Bertie lernte sein Handwerk als Finanzverwalter für Charlie, stellte diesem regelmäßig Blankoschecks für zweifelhafte Zahlungen aus. Als in den 90er Jahren 50.000 Pfund auf dem Bankkonto des damaligen Finanzministers Ahern eingingen, hatte er eine einfache Erklärung: Er hätte kein Bankkonto gehabt und das Bargeld im Lauf der Jahre zusammengespart.
Seine Amtsgeschäfte hatte Bertie zeitweise in einem Pub in seinem Wahlkreis geführt, und Teflon-Bertie heißt er, weil er trotz allen Fehlverhaltens bis heute ein freier Mann ist.

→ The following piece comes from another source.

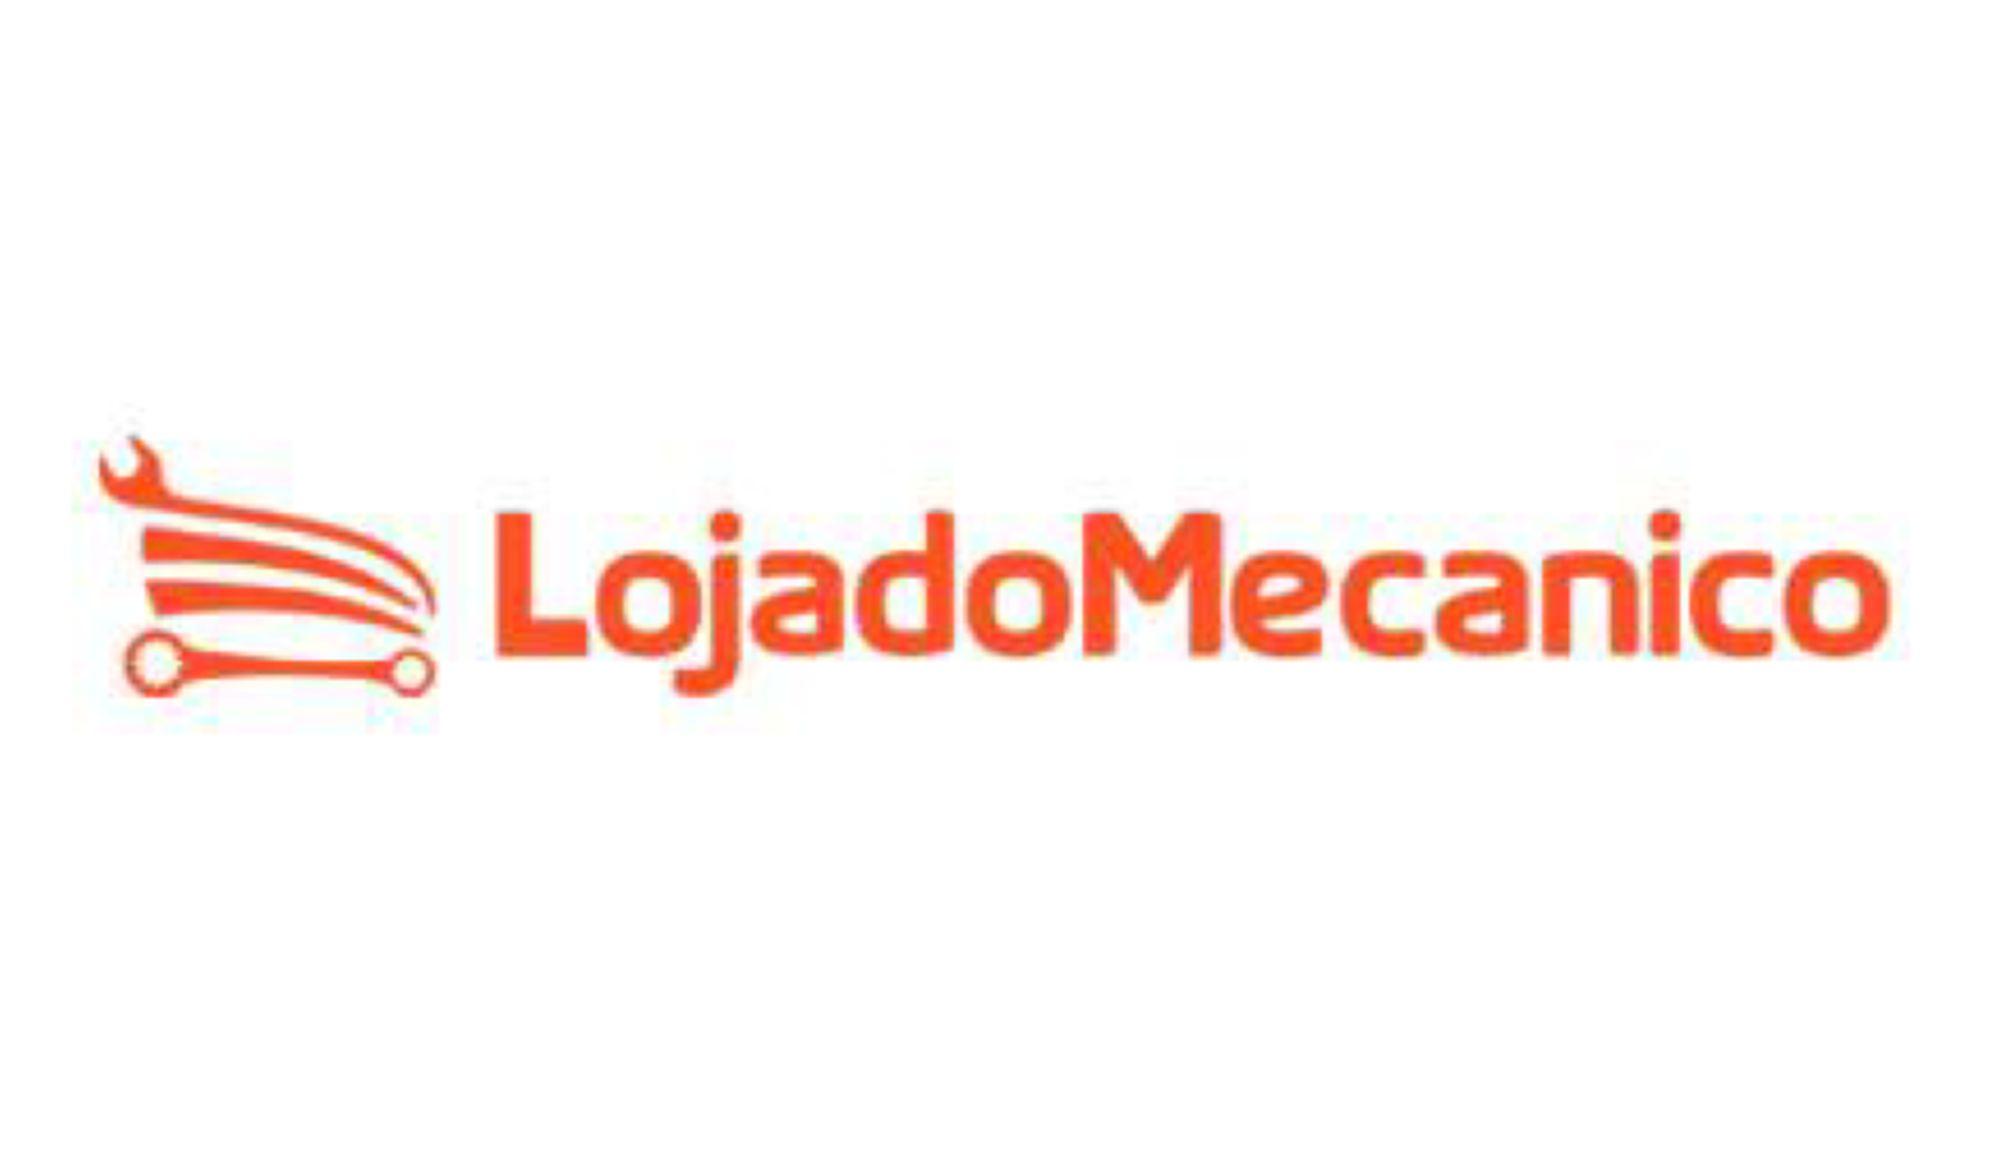 logo_lojadomecanico.jpg

Vielleicht schreibt uns Ralf mal ein „Best of Bertie“ . . .
Danke Ralf Sotschek für diese so amüsant und aufklärend geschriebene Realsatire ! Man assoziiert rechtschaffene Männer mit diesen irischen Schirmmützen, soviel Folklore ist europaweit schon verinnerlicht, daß dieses Requisit auf einen Fischer, Handwerker, Schafbauern ,Gärtner oder bescheidenen Pubbesucher schließen läßt. Offenbar weit gefehlt: Sotschek zeigt, daß die Schirmmütze Tarnung sein kann.
Und wir erfahren kurz und bündig von Missständen, Gier und einträglichen Nebenbeschäftigungen der irischen Parlamentarier.
Das schätze ich an Irland news besonders: sie bieten ein sympathisches und doch kritisches Bild der Republik. Sie zeigen die Potentiale aber eben auch die krassen Fehlentwicklungen. Das macht es spannend!
Landgut, Rennpferde, Seidenhemden, eine Insel mit Prunkhaus und ein Privathubschrauber: Reich an Materie, doch arm an Mitgefühl und Seele. Ist bekannt, ob Pferde oder der Privathubschrauber die letzte Reise im Seidenhemd übernahm? Armer Kerl.
Vielleicht doch verlosen, statt vererben? So hätte jeder die gleiche Chance auf ein politisches Amt und eine gewisse Zeit sich die Taschen vollzustopfen ;-)
Wenn jeder jeden bescheisst, können alle gut leben. Leider sind manche besser im Bescheissen als die anderen. Finde den Fehler!